The purpose of a 1-on-1 is to check in with your direct reports’ regularly and understand if they are happy with & at work, if they are facing any challenges, how you can help them overcome their challenges and fears, and build a bond that will take you a long way.

The most important outcome of a 1-on-1 is that you can nip a problem right in the bud! 

Through a 1:1 meeting you can ‘care personally’ and ‘challenge directly’.

Emphasizing on the importance of one-on-one, Andy Grove, former CEO of Intel says,

Ninety minutes of your time can enhance the quality of your subordinate’s work for two weeks, or for some eighty-plus hours.

Some quick tips to make the most of your one-on-one meetings:

  • Never cancel 1-on-1 meetings
  • Set an agenda with your direct reports before the 1-on-1
  • Take notes and keep them in one place so that you can track the progress in the next 1-on-1 meeting
  • Make sure you follow-up on the action items discussed.

9 Do you RECOGNIZE often?

Do you recognise appreciate your team as a manager?

A great manager recognizes her employees often. She never misses an opportunity to spot the hits by her employee and applauds & encourages them for their achievements.

Recognized employees are happy employees.

Whether or not we take work home, we do take our feelings from work back home.

A happy day at work translates into a happy time at home as well.

Regular recognitions to your team also make them recognize your efforts, in turn.

It boosts their confidence, self-esteem and helps you retain your employees.

But, the praise you shower over them must be objective, and not to just sway them away or to make them feel good.

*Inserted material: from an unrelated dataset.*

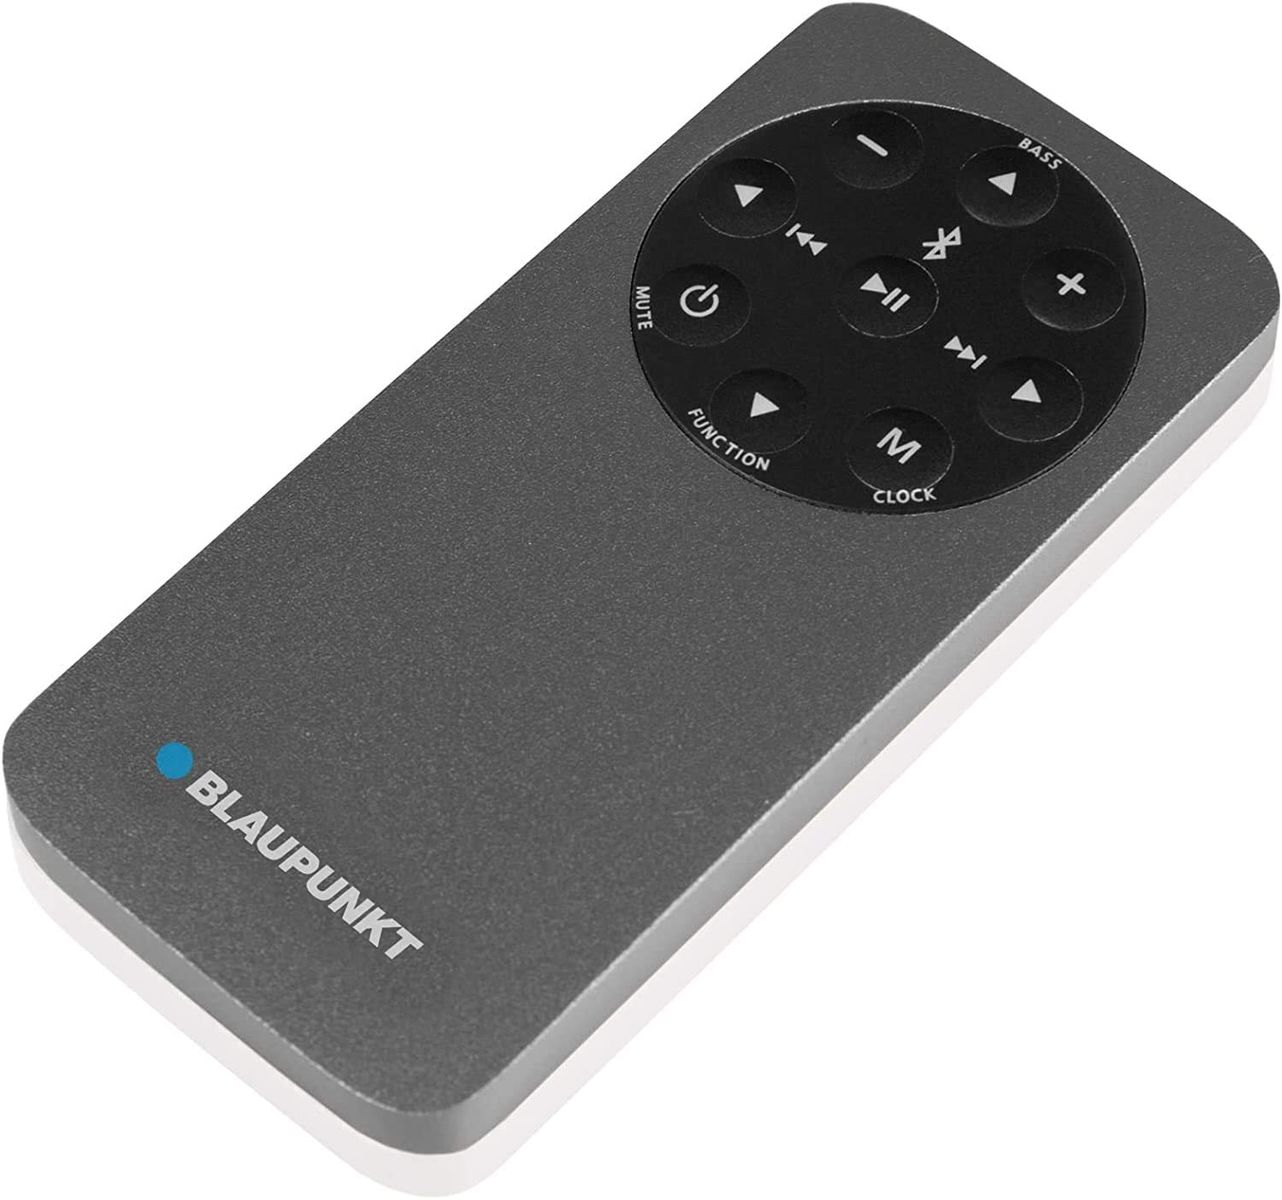 Blaupunkt ST 1000 Standlautsprecher Bluetooth Display Stereo Sound Subwoofer
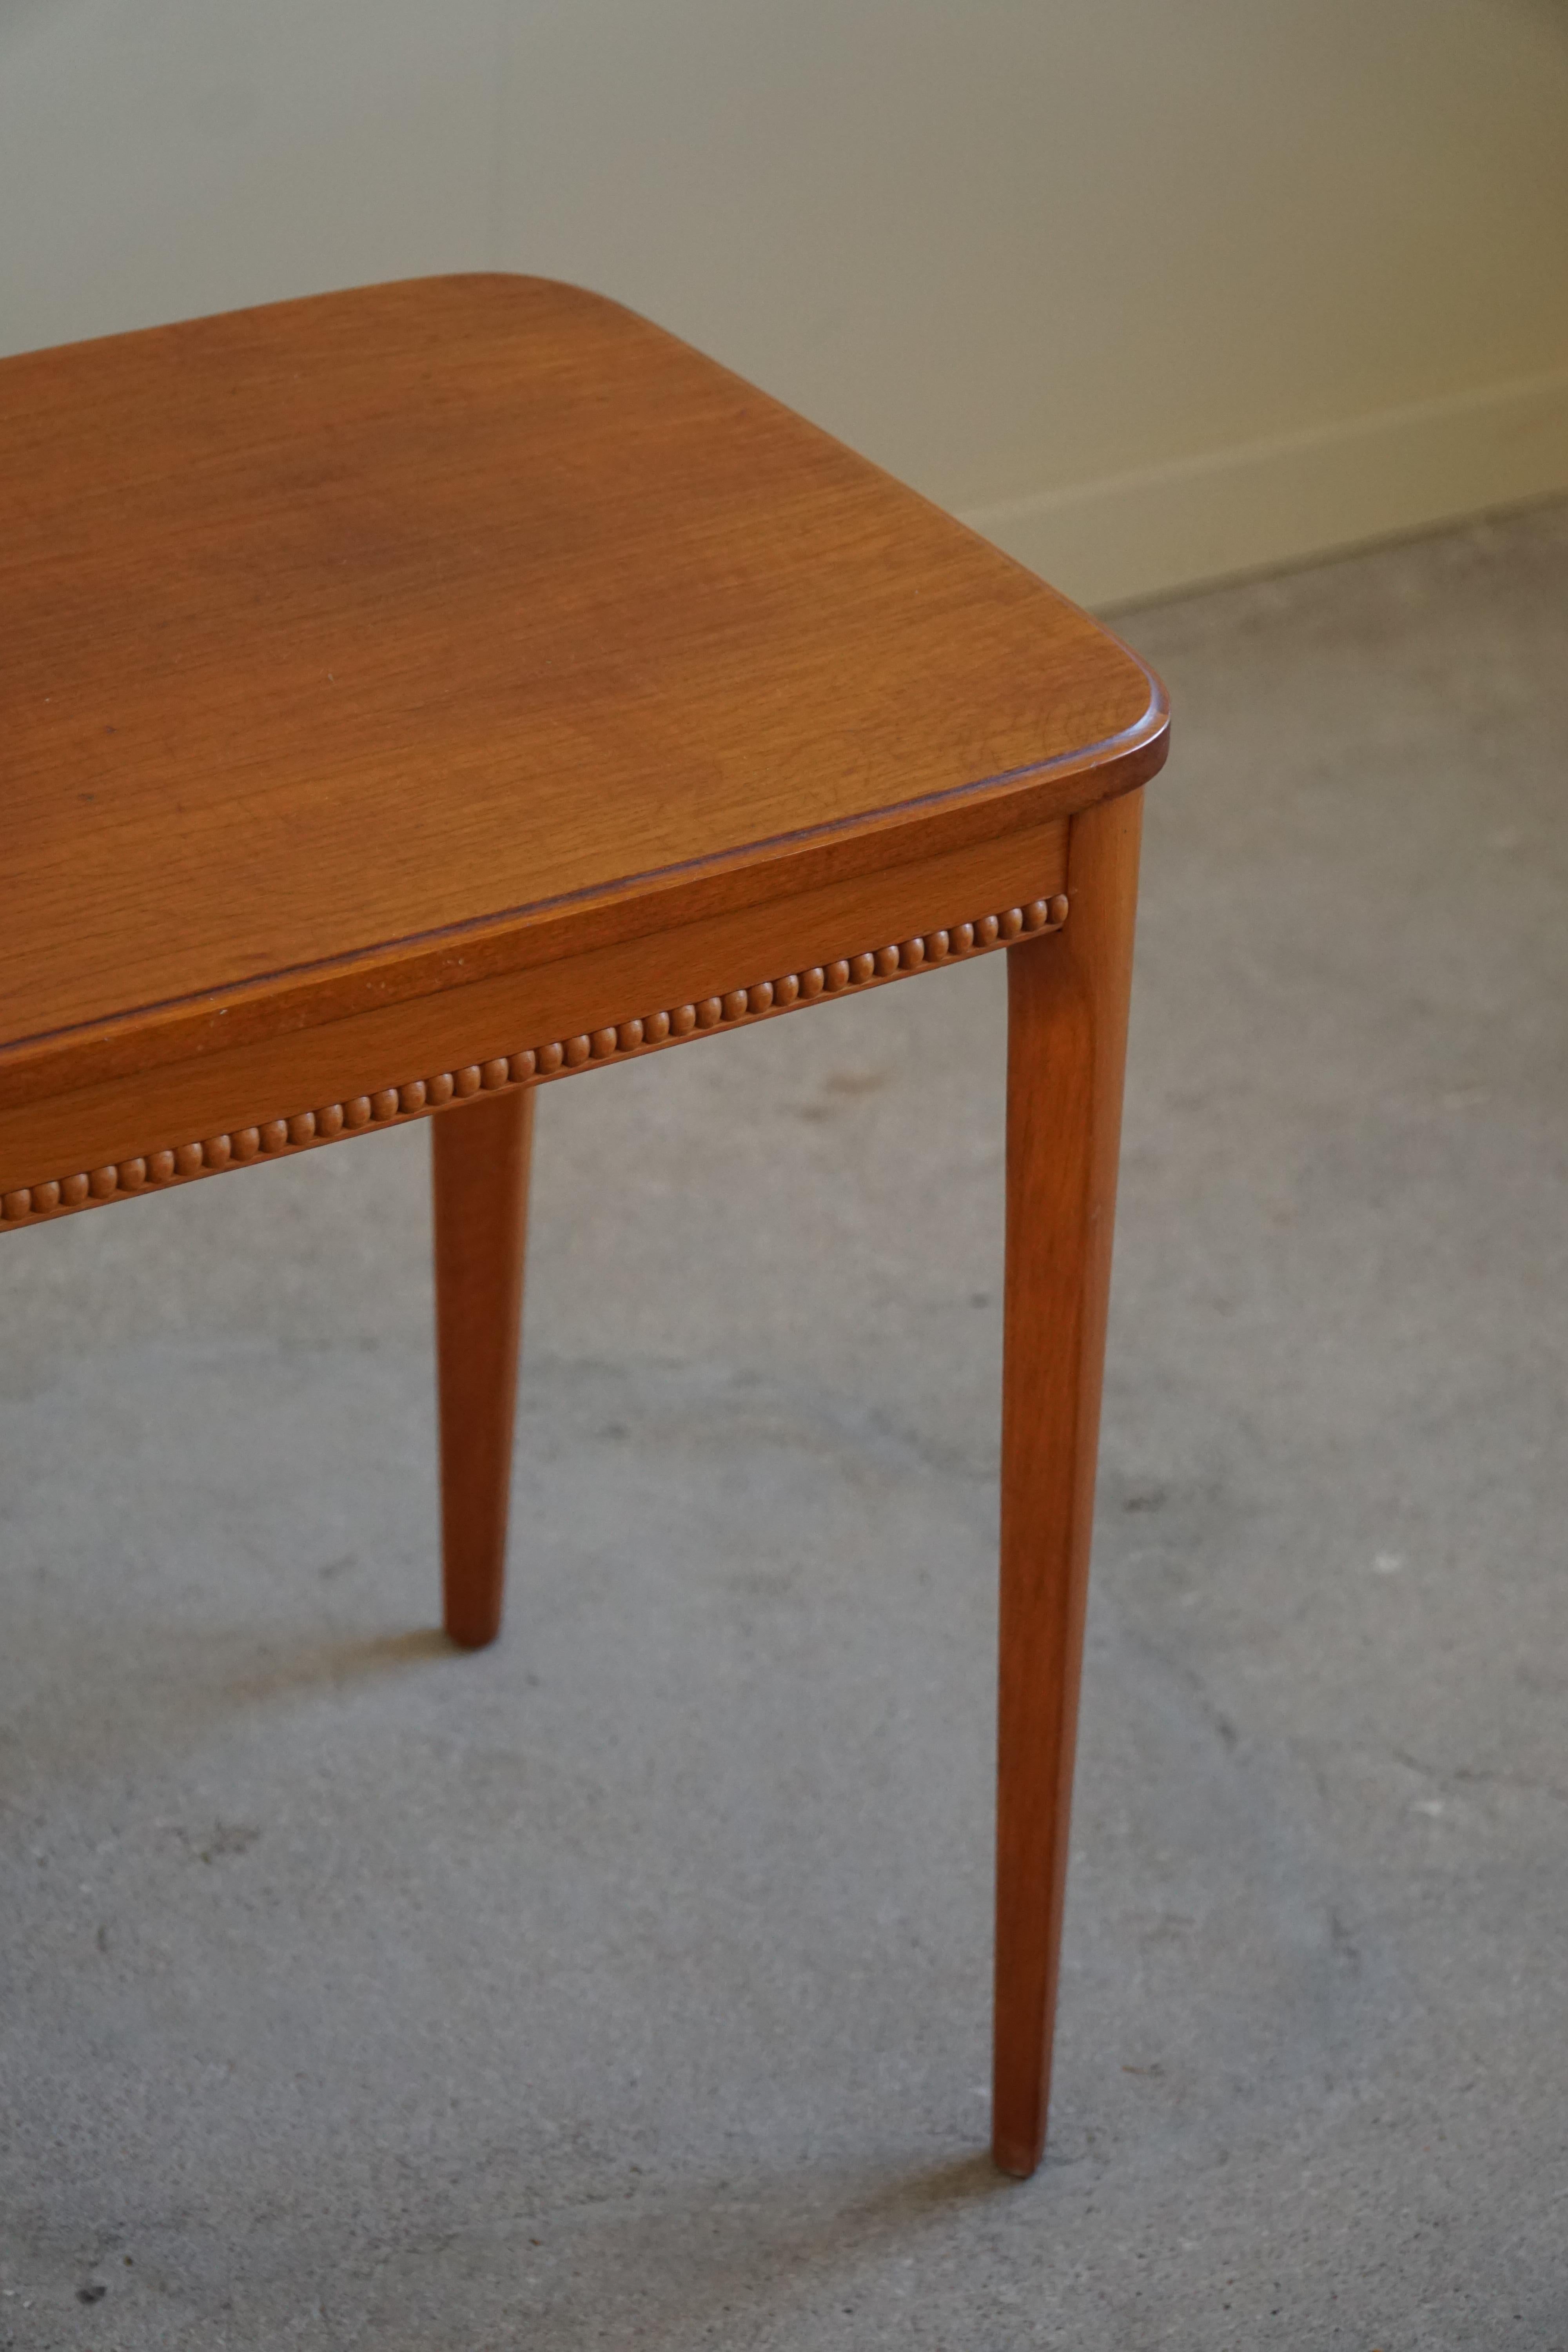 Side Table in Teak, Danish Mid Century Modern, 1950s  For Sale 1

Praising without an accomplishment can sound ingenuine and instil fake confidence into the team, and keep them away from tasting real success.

The author articulates this perfectly in ‘The One Minute Manager’:

Help People reach their Full Potential. Catch them Doing Something Right When he notices you have done something right he tells you precisely what you did right, and how good he feels about it.

10 Are you DRIVING ACTIONS?

Are your driving actions?

To be a great manager, you must remember that all your efforts lose meaning if you don’t take required actions.

Progress can only be tracked by the actions taken to achieve desired results.

Having worked with a number of managers now, we believe inaction after a discussion with the employees, or no explanation to the employee for an action promised, can create an atmosphere of distrust and also lower your respect in their eyes.

Here’s how you can avoid this scenario:

  • Conduct regular one-on-one meetings with your employees, and update them about the progress on the issue they might have raised with you in a previous meeting.
  •  Use an effective one-on-one tool to keep an account of the follow-up items and update regularly.
  • After you have understood and taken note of a problem an employee is facing, make sure to let him/her know about the status of the same.
  • Create an action list with your actions due for your team. These to-do/action lists are your way to solve issues/hurdles/roadblocks your team is facing.
  • Always prioritise team issues/ blockers over other things.
  • Create opportunities for yourself to find issues to be resolved. Never skip one-on-ones, seek regular feedback, create happy hours / all-hand meetings and ensure you take note of actions items.

Conclusion:

We understand being a manager can be demanding! And knowing that the organization’s success relies on your success in turn, can put your skills to test, not just once, but many times in a single day.

Talking of Steve Jobs’ second stint at Apple as a CEO, Bill Campbell in Trillion Dollar Coach recalls:

He had always been charismatic, passionate, and brilliant. But when he returned, I watched him become a great manager. He was detailed in everything. Product of course, but also in the way he ran the finance organization, the sales organization, what he did with operations and logistics. I learned from that. Steve couldn’t be a good leader until he became a good manager.

That in itself creates an opportunity for you to become a better manager than you were yesterday, by achieving better results with a highly efficient and productive team you have built & nurtured with care or are on the path to build one, and be the great manager you want to be!